The demand for care coordination services is likely to increase in the near future, due to the shift in the U.S. healthcare delivery system from volume-based to value-based reimbursement, the aging Baby Boomer population, and the increasing prevalence of chronic diseases. At the same time, the supply of primary care providers is insufficient to meet current demand, much less this greater future demand. This second installment in a five-part series on the valuation of care coordination services reviews the demand for, and supply of, care coordination services.

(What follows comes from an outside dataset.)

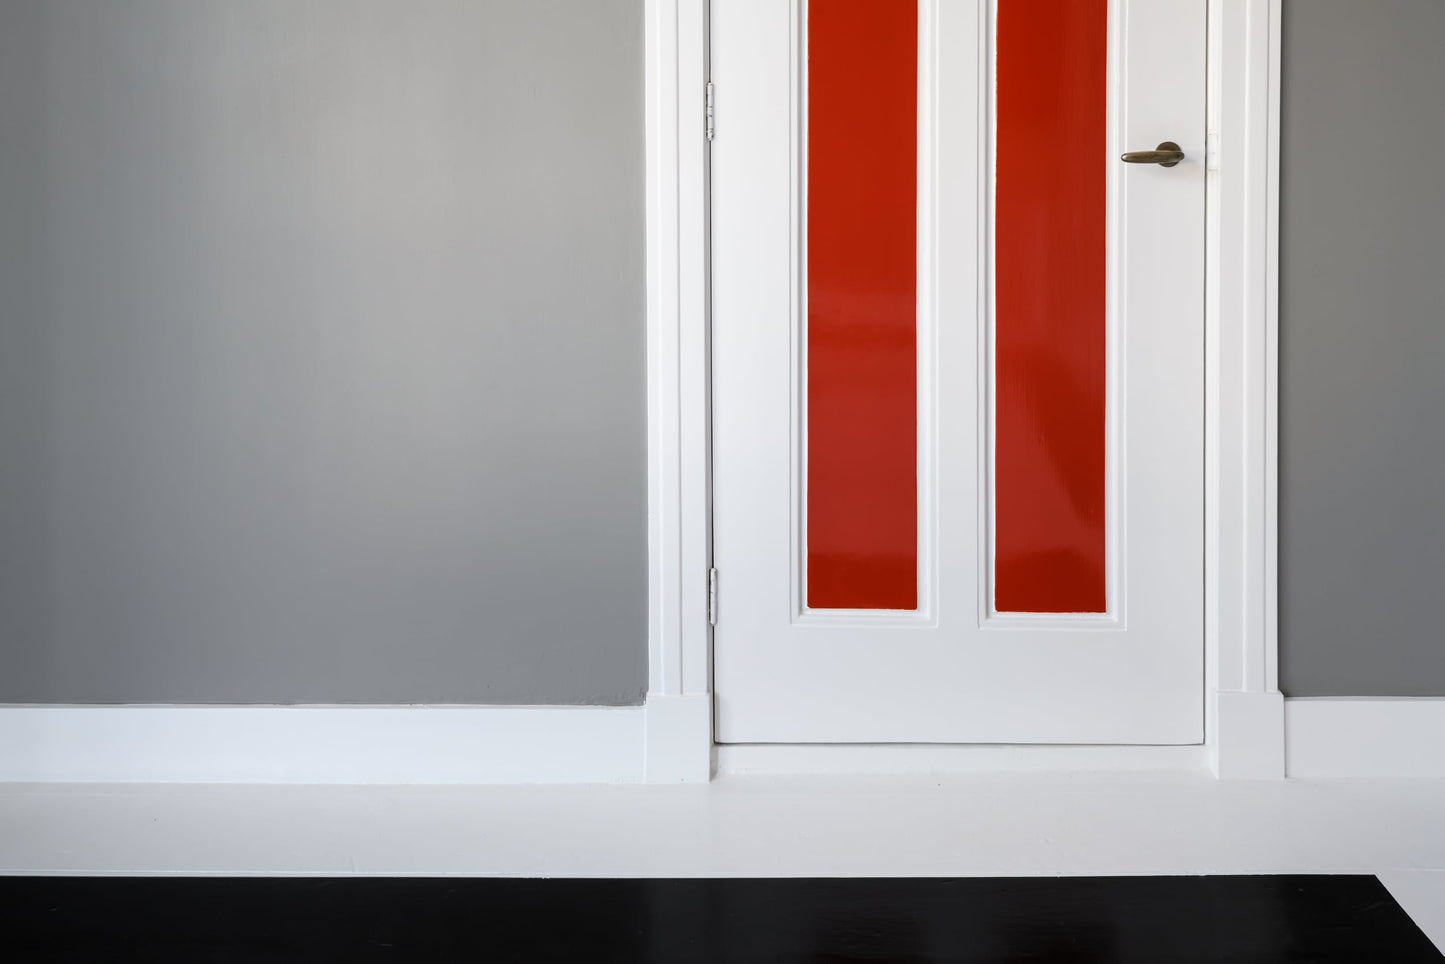 The artwork 'Van Doesburg-Rinsemahuis #6' by J.T. Hof displaying a grey wall and lower half of a white door with two red stripes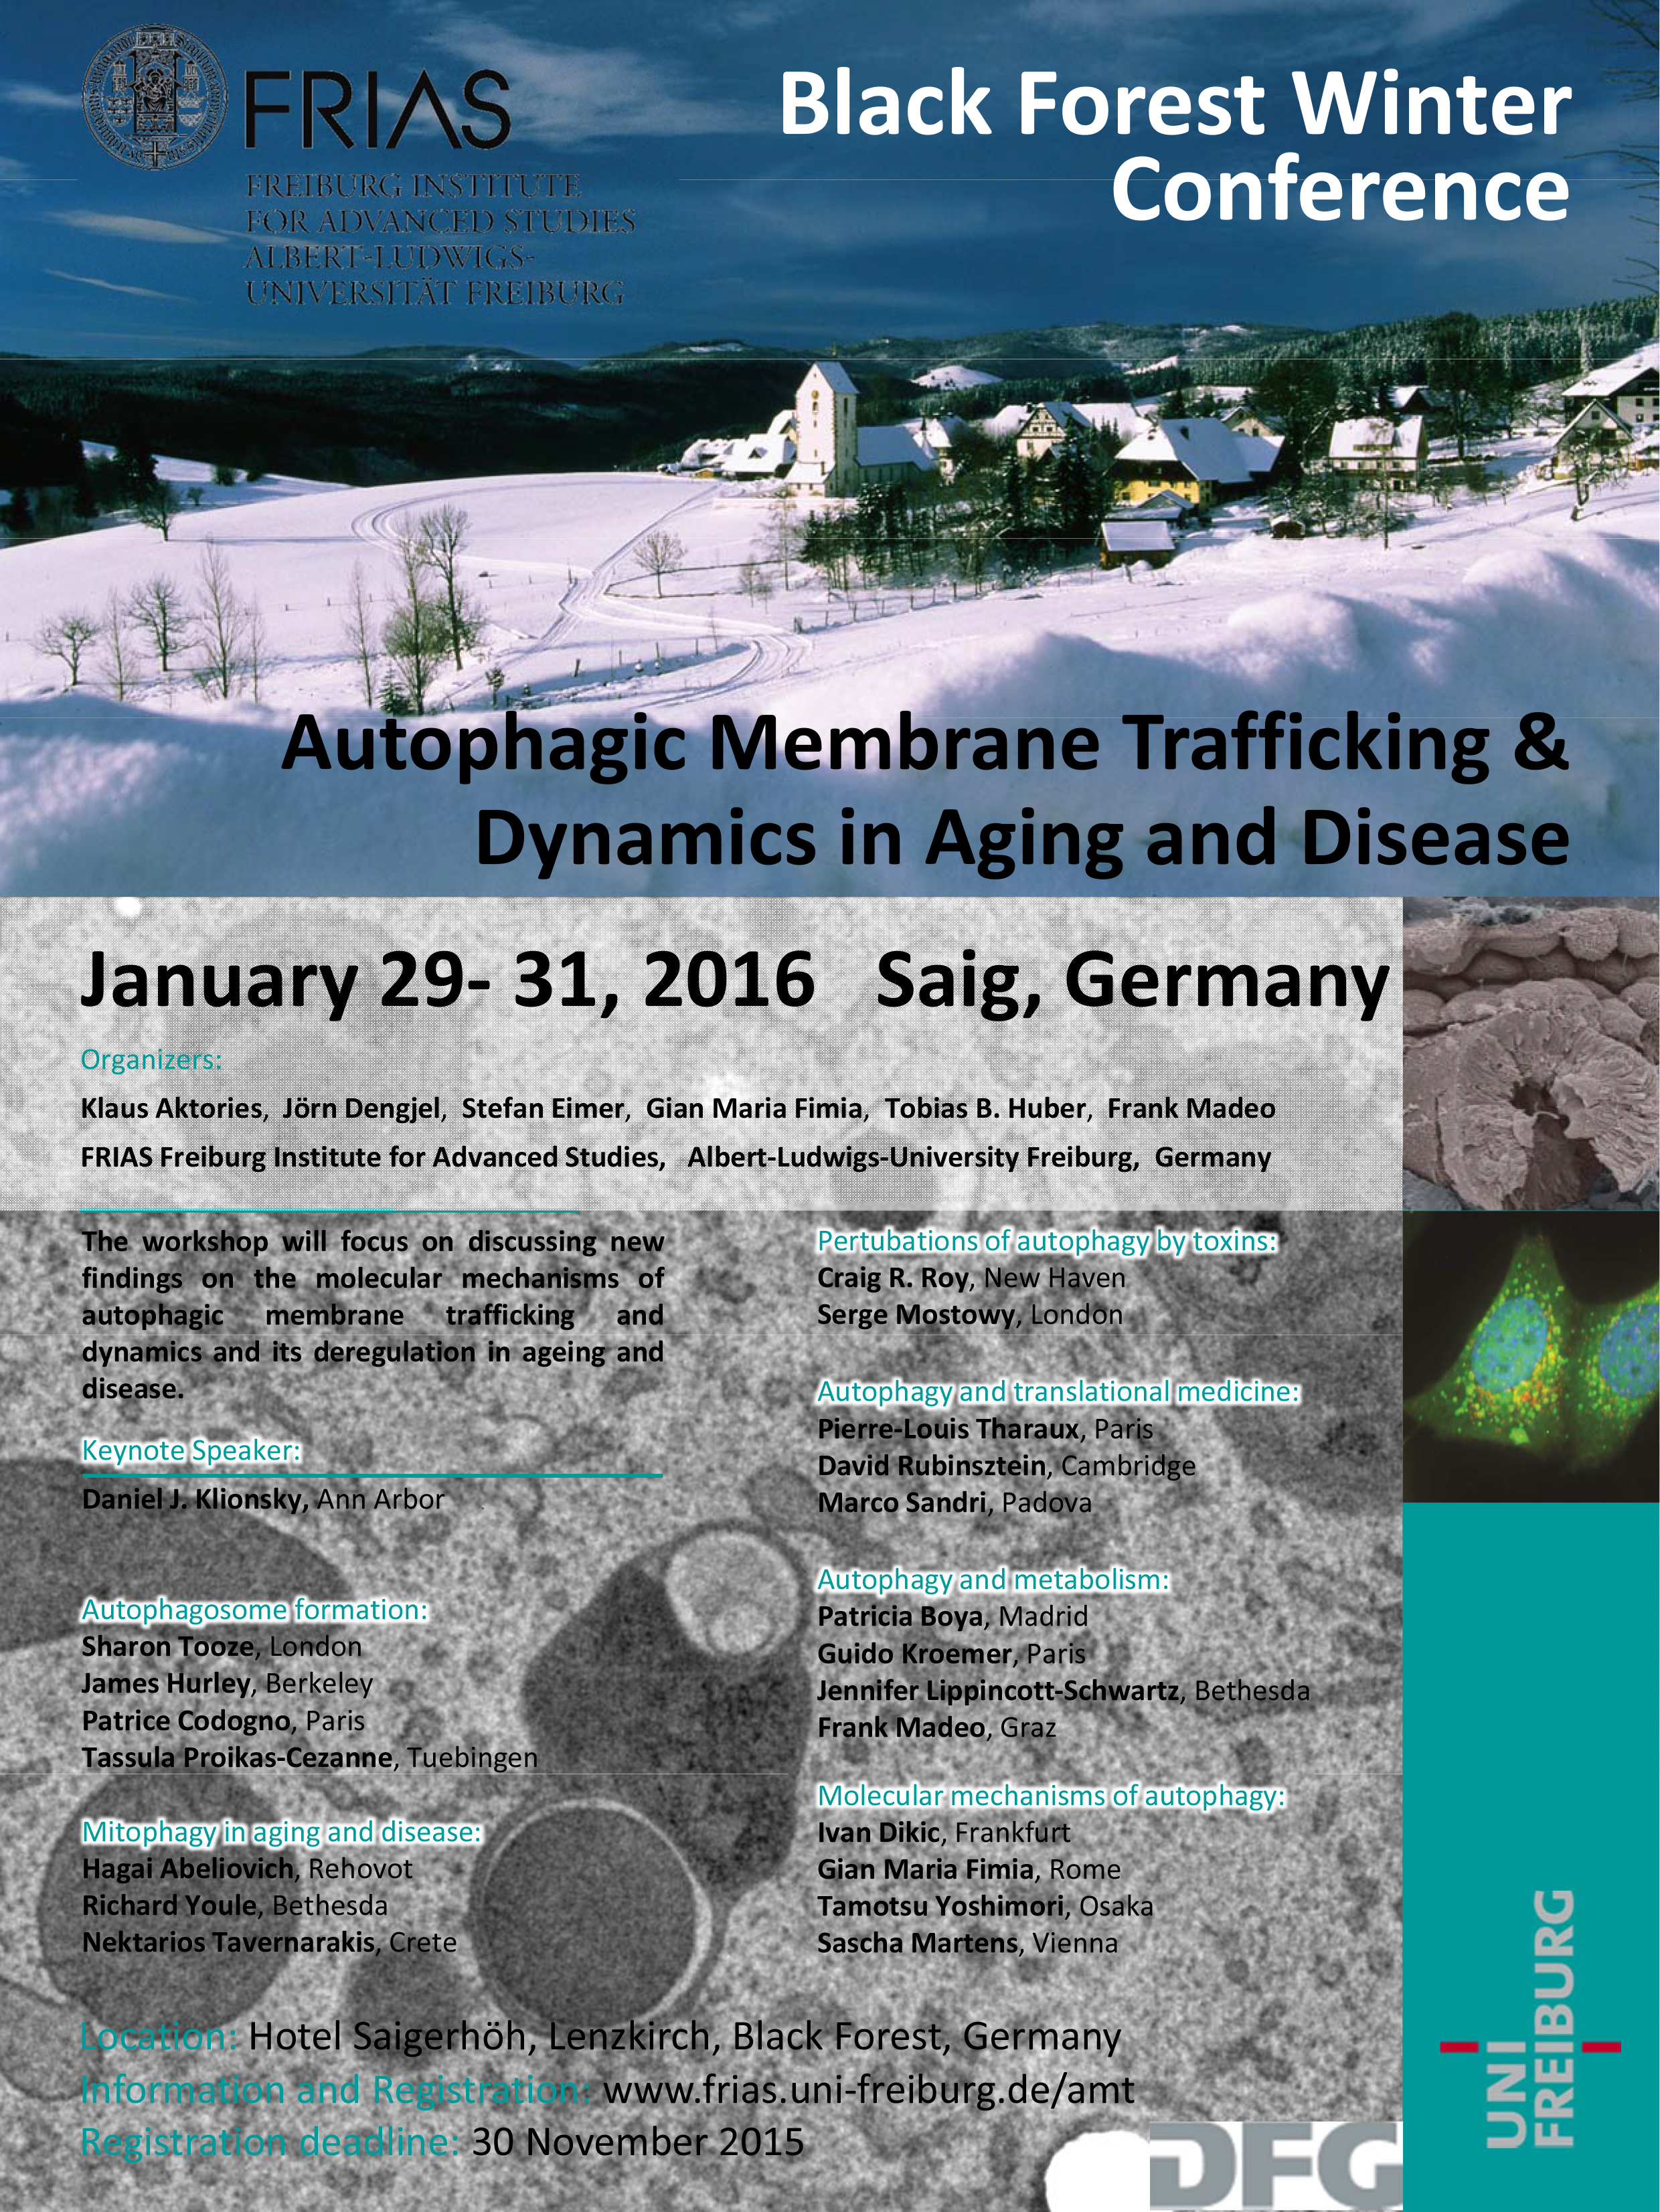 FRIAS-Fellows organize first international meeting on autophagy in Germany

Demand for Care Coordination Services
As noted in the first installment in this series, the U.S. healthcare delivery system is shifting from volume-based to value-based reimbursement, which requires providers to work together to reduce cost and increase quality, drives demand for care coordination services. In fact, care coordination to prevent fragmentation is a sine qua non of value-based payment models such as accountable care organizations (ACOs).1 Some of the “low hanging fruit” for providers seeking to streamline costs and improve quality may be focusing on providing higher-quality, cost-effective care to elderly patients and patients with one or more chronic diseases. For example, a 2015 study found that inadequate care coordination may increase the average costs of chronic disease management by over $4,500 over three years with no improvements in the quality of care.2 More and more value-based reimbursement models are requiring care coordination in order to achieve financial rewards (e.g., by avoiding underpayments due to more readmissions and higher costs due to preventable system utilization), especially for episode-based payments.3 Consequently, care coordination services have emerged as a critical infrastructure component, bridging the gaps between primary care providers, specialists, hospitals, post-acute care facilities, and community-based organizations. Healthcare providers increasingly rely on dedicated care coordinators, nurse navigators, and interdisciplinary care teams to manage complex patient populations, reduce readmissions, improve medication adherence, and ensure seamless transitions across care settings.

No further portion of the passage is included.